To date, Safe Cities for women initiatives have been undertaken across the world by grassroots and community groups,[xix] albeit many of small scope (e.g. covering a neighborhood block), as well as by a select number of local governments. The lady-only buses in Bangkok, for example, are well-recognized examples of a novel approach to promote women’s safety in public transport.[xx] Initiatives have also started up in recent years in Mexico D.F., Rio de Janeiro and other major cities of the world.

 

A safer cities approach views women’s safety within the larger ambit of urban design, urban governance and crime prevention thus working on a multi –pronged approach in order to bring about change. It affirms the importance of developing accountability frameworks for local governance that affirm the human rights of women and girls and secure their freedom from gender-based violence, freedom of movement, personal safety and security, and their rights to enjoy cities and the opportunities they offer.

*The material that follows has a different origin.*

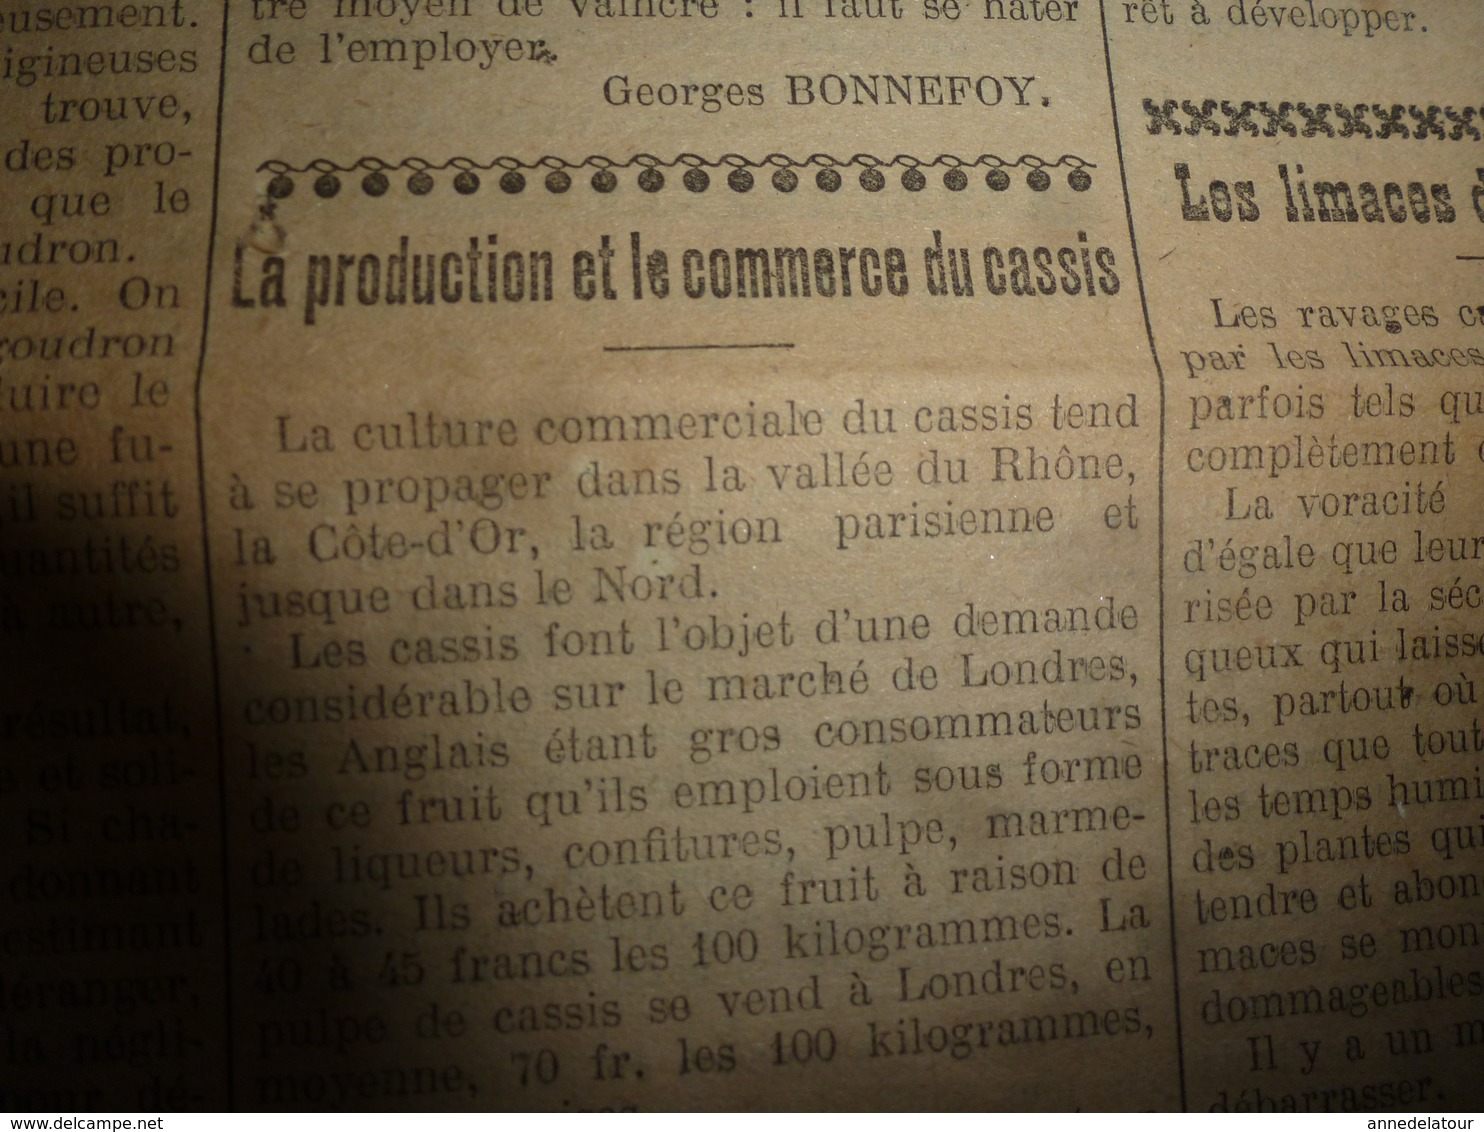 1914 L'AMI DU CULTIVATEUR-->La viande frigorifiée;La production et commerce du cassis;Comment faire un bœuf gras;etc

It also seeks to demonstrate how women’s expanded access to participation in public and political life can help transform social and public norms about women’s roles and contributions to enhanced local governance. Framed within a human rights-based, gender-responsive and culturally-relevant approach, it also aspires to support State Parties and local authorities in complying with the ‘due diligence’ standard of accountability[xxi] for preventing and responding to violence against women and girls, in line with existing human rights standards and instruments.

 

The Indian Context

 

According to the Indian National Crime Records Bureau's unique 'Crime Clock 2005’ which tracked criminal activities over 2004, the country reported one molestation every 15 minutes; one crime against women every 3 minutes; one dowry death every 77 minutes; one rape every 29 minutes; one murder every 16 minutes; and one sexual harassment case every 53 minutes.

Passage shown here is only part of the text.